I agree with just about everything you said, Kent. But to play devil's advocate, could it be that people from Zepplin's era were more open-minded or more dedicated as fans than many of the people who listen to the radio nowadays? Perhaps people's attention spans have truly gone out the window. Again, I agree that much of the music now on mainstream radio is throwaway trash, but perhaps it's like that because that's what people want supplied to them, not the other way around. I suppose that it would be difficult to really test that hypothesis, though.
"He's the electric horseman, you better back off!" - old sKool making a reference to the culturally relevant 1979 film.
I think the main difference between mainstream radio prior to the mid 80's is that most record companies were owned by individuals, not shareholders. People who owned record companies backed artists they liked, not ones who would always mean instant return on investment. This "love of music" mentality is alive and well, thank God, in indie music.[/quote]
if this were the kind of stuff you did, I'd consider the person more of an entertainer than a musician.. that's like backstreet boys kind of crap...
if you are a real musician in a real band.. 10-1 if you're doing something you don't wanna do, you're not gonna be completely happy... although I will say there is some flexibility to this kind of thing...
take for instance, John Mayer.. when he first came out he was doing pop kind of stuff... was this what he wanted to do, not completely sure... but soon as he got his money, he started doing what he really wanted.. blues n'at... heck he toured with Herbie hancock.. not sure what he's doing now, whether it's more blues or if he's doing pop again...
if it were that kind of situation, playing music I didn't hate, but didn't love I could do it for a while... even some of my favorite bands (guster, the slip) have songs that were wildly popular that boosted their followings, but now they all but refuse to do those songs... could I do something like that.. like I said, probably for a little while.. but for me, it's never about the money.. it's more about the music...
Interestingly enough, I'll be leaving later this afternoon for Harrisburg to attend the annual Millennium Music Conference this weekend. And this general topic is guaranteed to surface during at least a few of the panel discussions.
I think Grimmbass hit the nail on the head on several fronts. During the panels at Millennium, the music industry panelists usually always tell musicians to stick by their music and do what's honest and in their hearts, rather than chase trends and try to anticipate what the national music industry is looking for next.

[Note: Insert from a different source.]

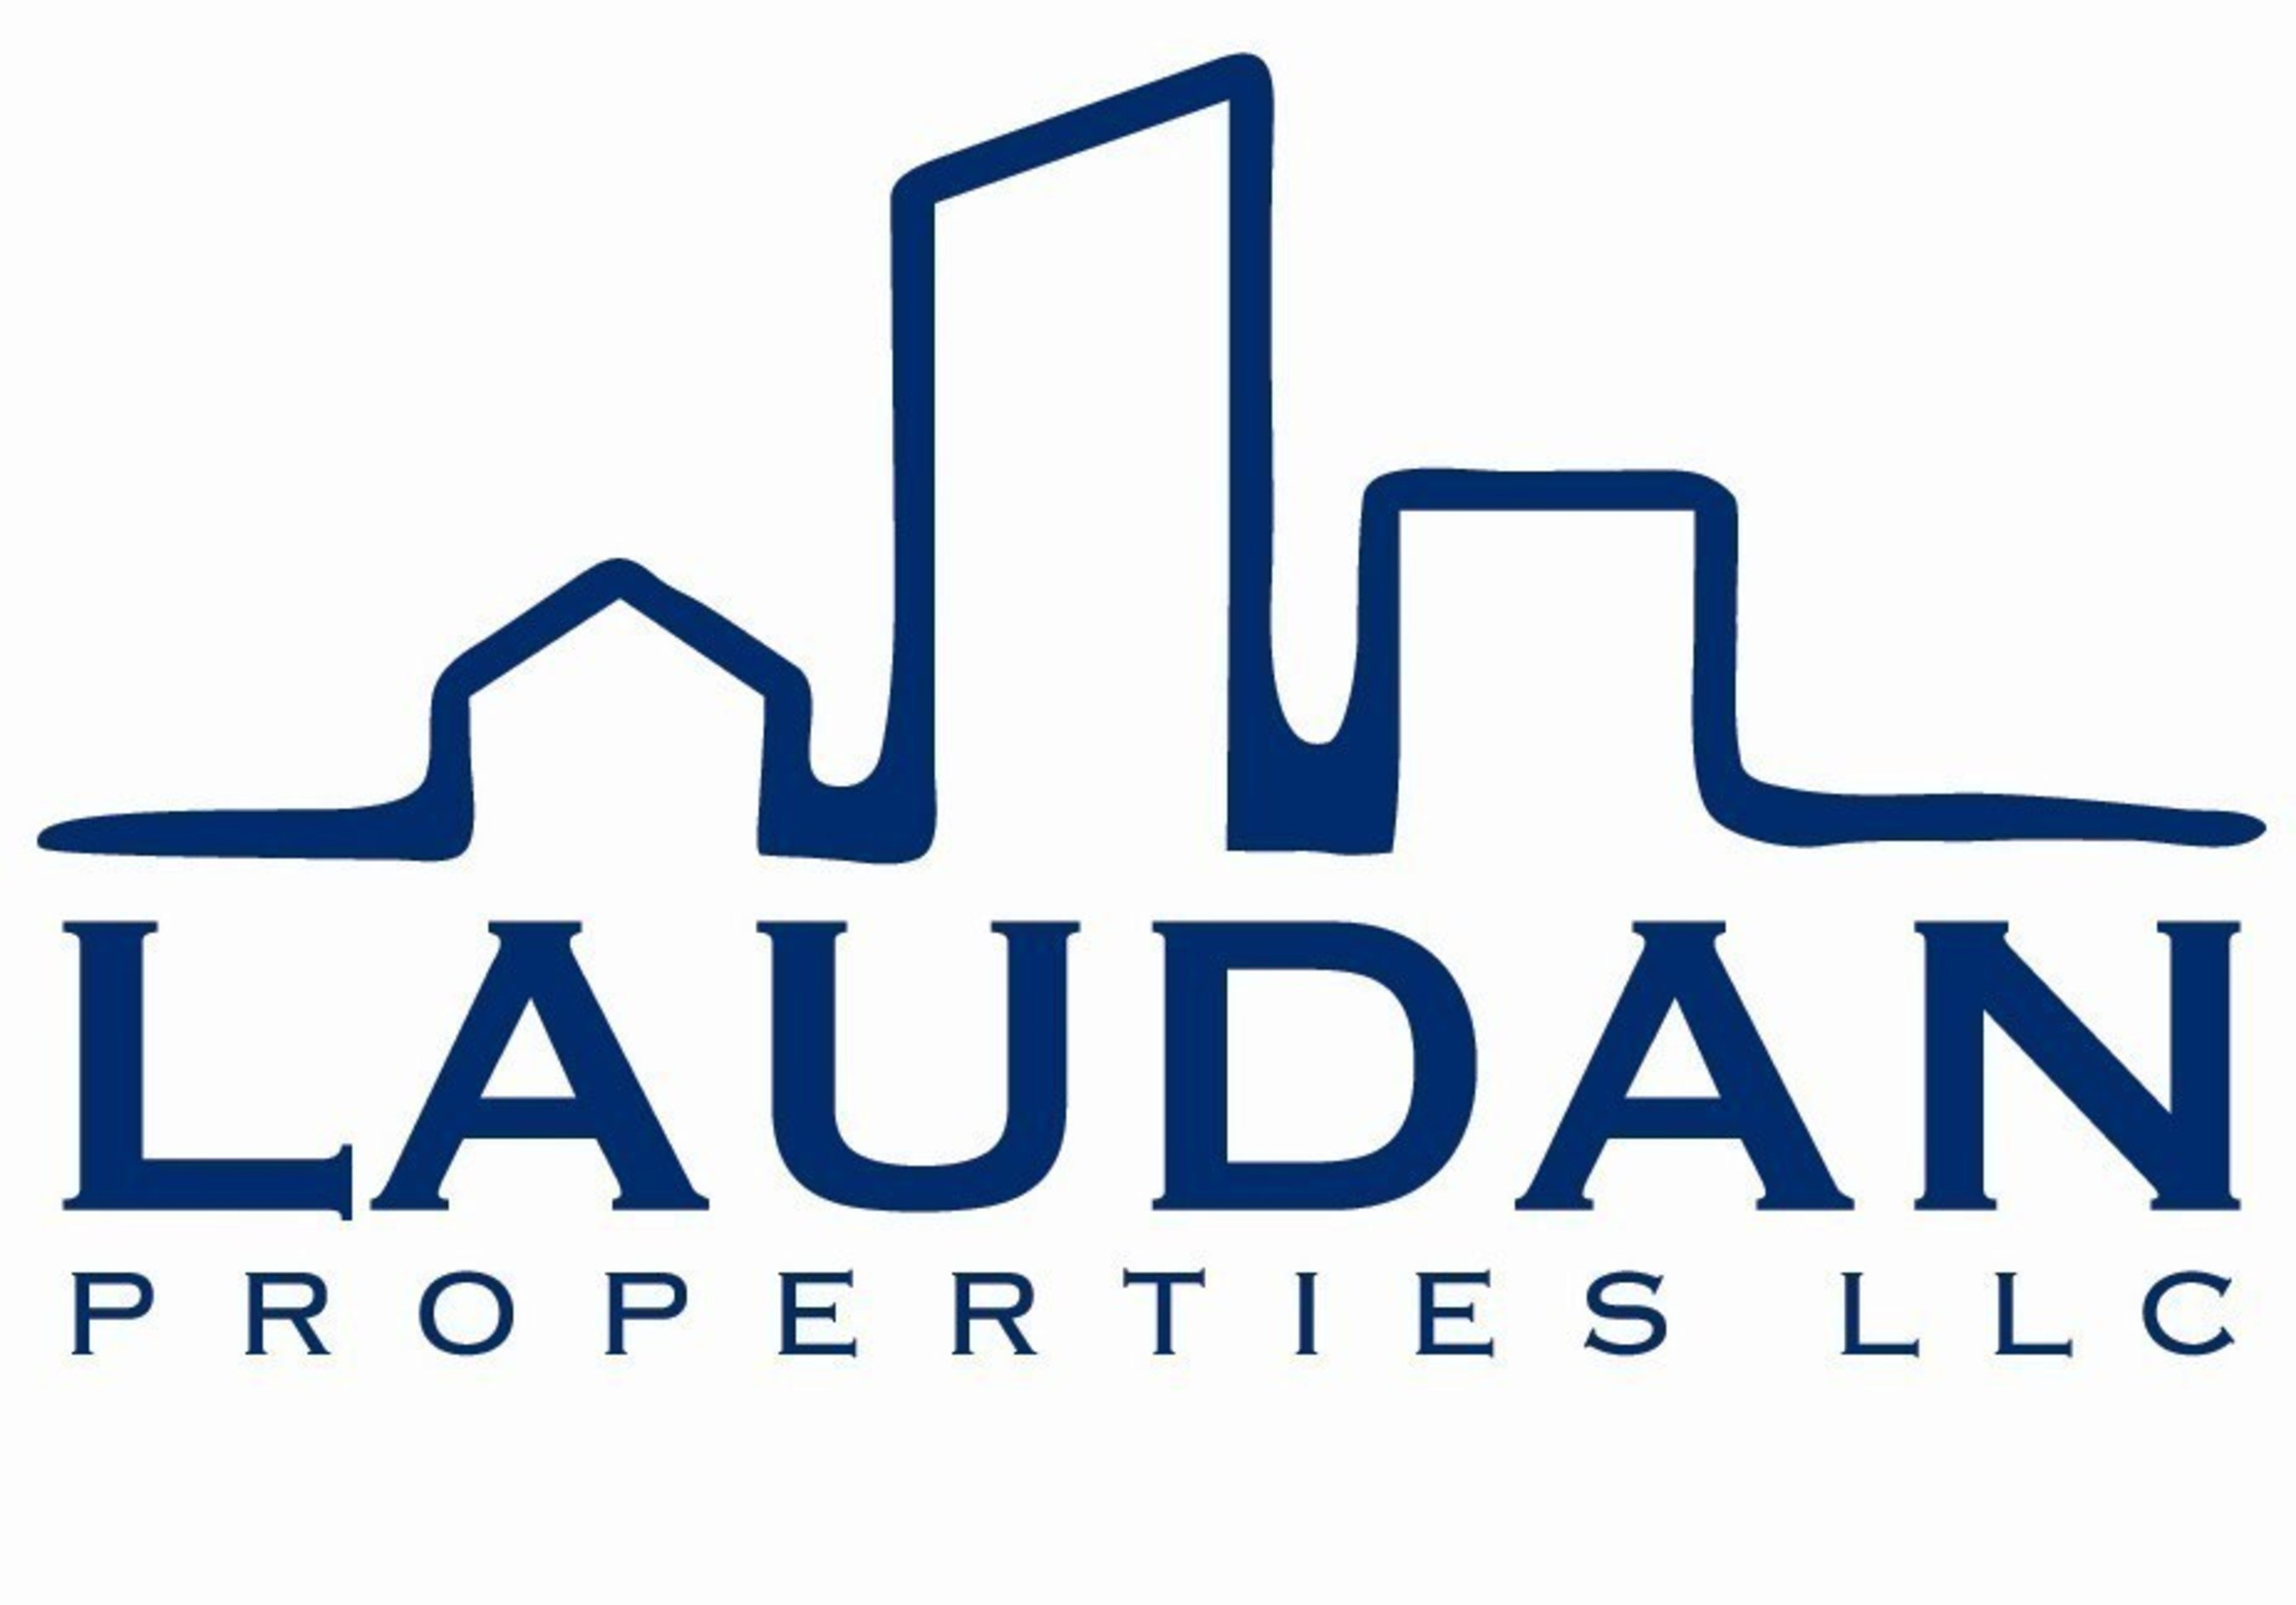 LAUDAN PROPERTIES LANDS TOP PERFOMER TO LEAD BUSINESS DEVELOPMENT EFFORTS

And I think that applies to cover songs as well. I think there is a big difference between bands and musicians who do covers because they genuinely love the material they are covering, and bands and musicians doing covers of "trendy" songs and hits they anticipate audiences might want to hear. The former category almost always sinks heart and soul into what they perform, and it is real; the latter category can often sound hollow and uninspired if they don't honestly believe in the material they're performing.